Definition. Recall that if k is a field and G is a group, then the group algebra k[G] has two structures. Firstly, as a vector space over k, it has G as a basis, i.e. every element of k[G] is uniquely written as \sum_{g \in G} x_g g, where x_g \in k. In particular, \dim_k k[G]=|G|, as cardinal numbers. Secondly, multiplication is also defined in k[G]. If x = \sum_{g \in G} x_g g and y = \sum_{g \in G} y_g g are two elements of k[G], then we just multiply xy in the ordinary fashion using distribution law. To be more precise, we define xy = \sum_{g \in G} z_g g, where z_g = \sum_{rs=g} x_r y_s.
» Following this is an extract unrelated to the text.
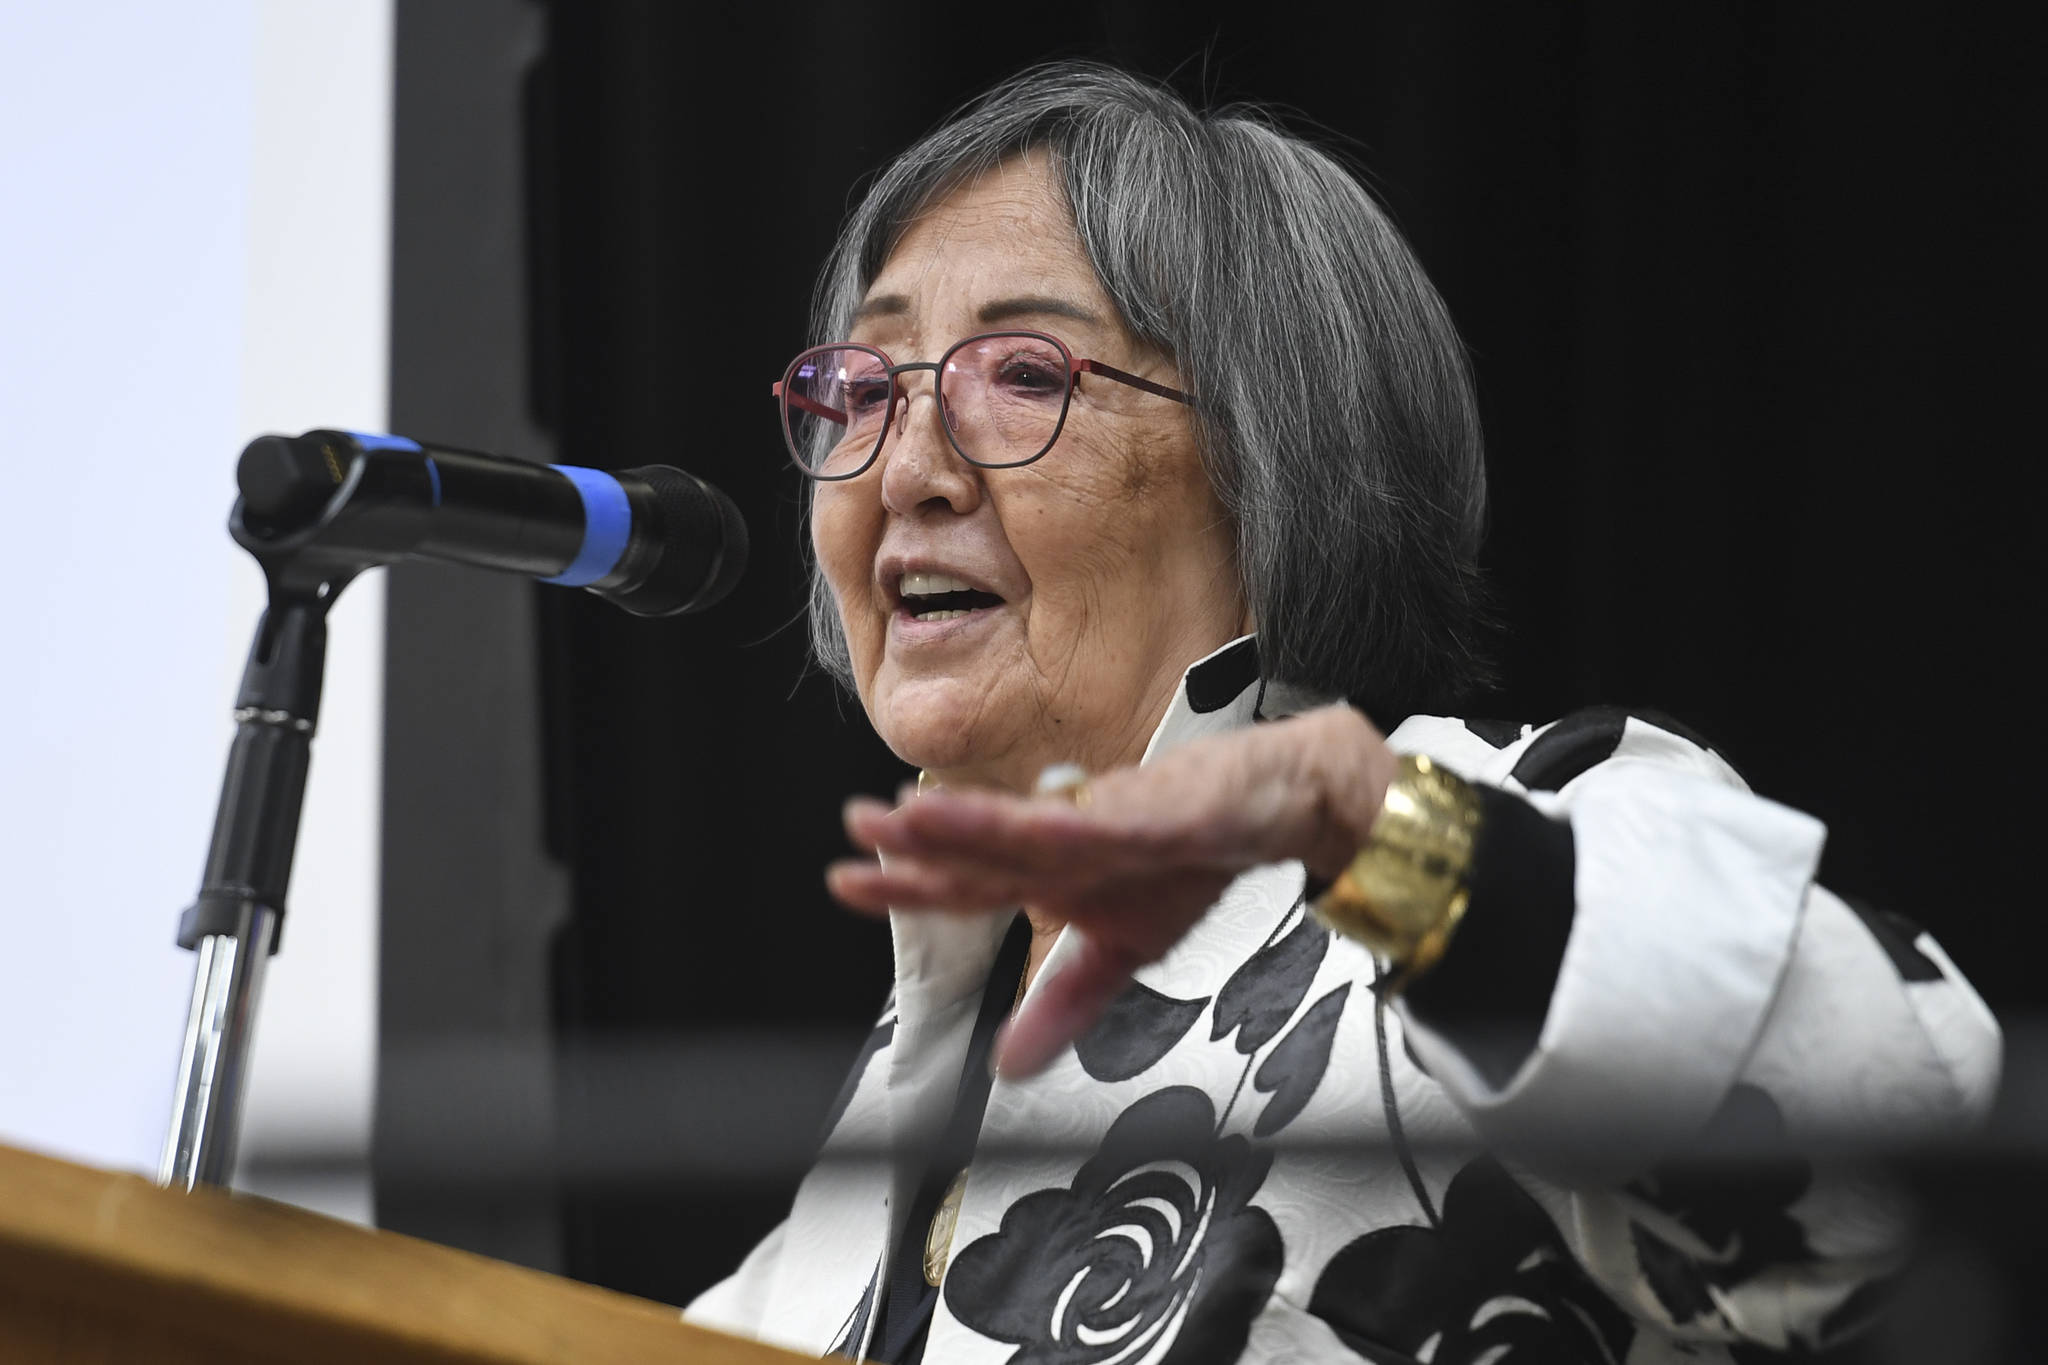 Rosita Worl, president of Sealaska Heritage Institute, gives a presentation at the Sharing Our Knowledge event in September 2019. (Michael Penn | Juneau Empire File)

We are going to prove that J(\mathbb{C}[G])=0, for every group G.

Lemma. J(\mathbb{C}[G]) is nil, i.e. every element of J(\mathbb{C}[G]) is nilpotent.

Proof. If G is countable, we are done by this theorem. For the general case, let \alpha \in J(\mathbb{C}[G]). So \alpha =\sum_{i=1}^n c_ig_i, for some c_i \in \mathbb{C}, \ g_i \in G. Let H=\langle g_1,g_2, \cdots , g_n \rangle. Clearly \alpha \in H and H is countable. So to complete the proof, we only need to show that \alpha \in J(\mathbb{C}[H]). Write G = \bigcup_i x_iH, where x_iH are the distinct cosets of H in G. Then \mathbb{C}[G]=\bigoplus_i x_i \mathbb{C}[H], which means \mathbb{C}[G]=\mathbb{C}[H] \oplus K, for some right \mathbb{C}[H] module K. Now let \beta \in \mathbb{C}[H]. Since  \alpha \in J(\mathbb{C}[G]), there exists \gamma \in \mathbb{C}[G] such that \gamma (1 - \beta \alpha ) = 1. We also have \gamma = \gamma_1 + \gamma_2, for some \gamma_1 \in \mathbb{C}[H], \ \gamma_2 \in K. That now gives us \gamma_1(1 - \beta \alpha)=1. \ \Box

Theorem. J(\mathbb{C}[G])=0, for any group G.

Proof. For any x =\sum_{i=1}^n c_i g_i\in \mathbb{C}[G] define

x^* = \sum_{i=1}^n \overline{c_i} g_i^{-1}.

It’s easy to see that xx^*=0 if and only if x=0 and for all x,y \in \mathbb{C}[G]: \ (xy)^*=y^*x^*. Now suppose that J(\mathbb{C}[G]) \neq 0 and let 0 \neq \alpha \in J(\mathbb{C}[G]). Put \beta = \alpha \alpha^* \in J(\mathbb{C}[G]). By what I just mentioned \beta \neq 0 and (\beta^m)^* = (\beta^*)^m=\beta^m, for all positive integers m. By the lemma, there exists k \geq 2 such that \beta^k = 0 and \beta^{k-1} \neq 0. Thus \beta^{k-1} (\beta^{k-1})^* = \beta^{2k-2} = 0, which implies that \beta^{k-1} = 0. Contradiction! \Box

Corollary. If G is finite, then \mathbb{C}[G] is semisimple.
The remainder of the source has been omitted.